East Bay Best-Sellers

What you're reading this month.

East Bay Best-Sellers lists this month’s top-selling books as reported by independent bookstores in the East Bay, including Bay Books, Black Oak, Cody’s, Diesel, Pegasus, and Signal Books.


1. NEW American Dynasty, by Kevin Phillips (Viking, $25.95). Would you believe the Bush family is an immensely powerful Machiavellian clan of aristocratic despots?

2. Reading Lolita in Tehran, by Azar Nafisi (Random House, $13.95). Literature as liberation: amazing memoir of an underground women’s literary salon.

3. Berkeley High School Slang Dictionary, by Rick Ayers and BHS students (North Atlantic, $6.95). If you’re old enough to shave, you so need this book.

4. NEW The Price Of Loyalty, by Ron Suskind (Simon & Schuster, $26). Former Treasury Secretary Paul O’Neill dishes major dirt on the cabal of doctrinarian presidential advisers running the White House.

5. The South Beach Diet, by Arthur Agatston (Rodale, $24.95). Carrots are evil, exercise is unimportant, meat and cheese are A-OK: it’s the diet that lets you feel good.

6. The Cheese Board Collective Works, by Cheese Board Collective (Ten Speed Press, $21.95). Recipes and philosophy from the most important little cheese shop in the world.

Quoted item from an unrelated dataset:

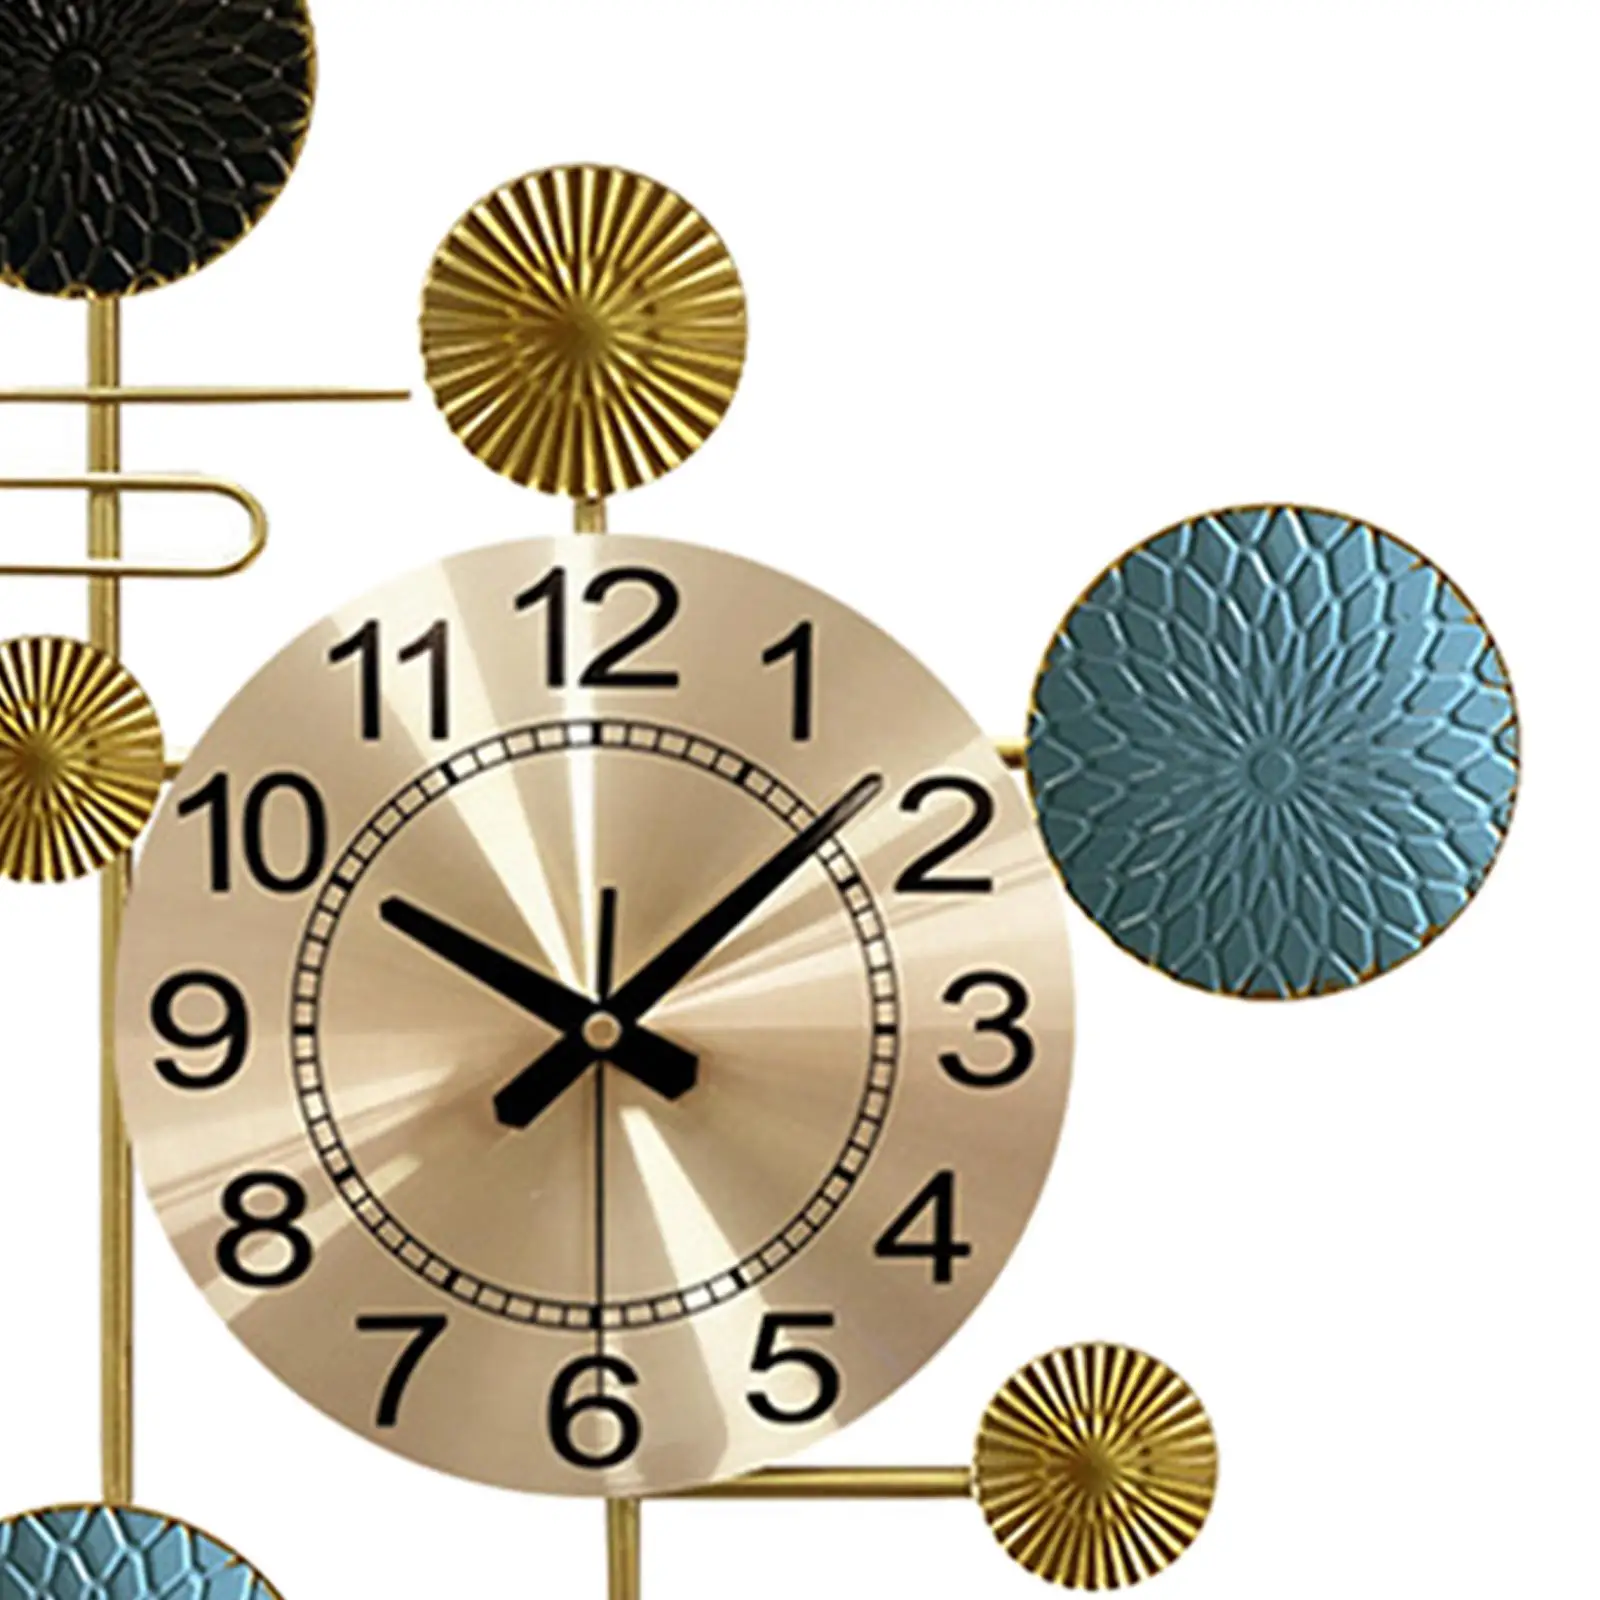 Metal Large Wall Clock Silent Hanging Clocks for Living Room Bedroom Office

7. Lies And The Lying Liars Who Tell Them, by Al Franken (Dutton, $24.95). Comedy writer and liberal pundit Franken takes devastating — and hilarious — aim at the corporate-controlled conservative media.

8. NEW Blues City: A Walk In Oakland, by Ishmael Reed (Crown, $16). Come see Oakland through Reed-colored glasses in this guidebook that’s part history lesson, part revolutionary jeremiad.

9. Fast-Food Nation, by Eric Schlosser (Harper Collins, $13.95). This classic of investigative muckraking exposes the horrifying underbelly of the fast-food industry.

10. NEW Holy Blood, Holy Grail, by Michael Baigent et al. (Dell, $7.99). Jesus “knew” Mary Magdalene —- in the biblical sense —- according to this breathtakingly blasphemous 1983 best-seller that inspired The Da Vinci Code.


1. The Da Vinci Code, by Dan Brown (Doubleday, $24.95). A deft novelization of the bizarre Christian conspiracy theories popularized in 1983’s Holy Blood, Holy Grail.

2. Middlesex, by Jeffrey Eugenides (Picador, $15). This lyrical family saga of a Greek-American youth halfway between girl and boy snagged last year’s Pulitzer Prize.

3. The Secret Life Of Bees, by Sue Monk Kidd (Penguin, $14). Childhood traumas, the civil rights movement, mysterious Black Madonnas, and a trio of beekeepers populate this overambitious Deep South melodrama.

4. The Piano Tuner, by Daniel Philippe Mason (Vintage, $14). The title character travels to Burma from Victorian London to fix a rare piano.

5. NEW Absolute Friends, by John Le Carré (Little Brown, $26.95). You know the Cold War is over when even Le Carré’s latest potboiler condemns the US-British alliance against Saddam.

6. Angels & Demons, by Dan Brown (Pocket Star, $7.99). The Illuminati, the Vatican, doomsday weapons, and outlandish conspiracies aplenty.

7. Life of Pi, by Yann Martel (Harvest, $14). The author of this lively yarn about a boy and a beast surviving a shipwreck admits he “borrowed” the plot from a 1981 Brazilian novel.

8. Don Quixote, by Miguel de Cervantes, translated by Edith Grossman (Ecco, $29.95). This fresh, engaging new translation is shooting up the national charts.

9. NEW The Five People You Meet in Heaven, by Mitch Albom (Hyperion, $19.95). Tearjerking, saccharine parable of a maintenance man’s seemingly unremarkable life —- and miraculously redemptive afterlife.

10. NEW The Lady and the Unicorn, by Tracy Chevalier (Dutton, $23.95). In this Gallified reprise of Girl with a Pearl Earring, a randy artist woos a beautiful 15th-century Parisian mademoiselle.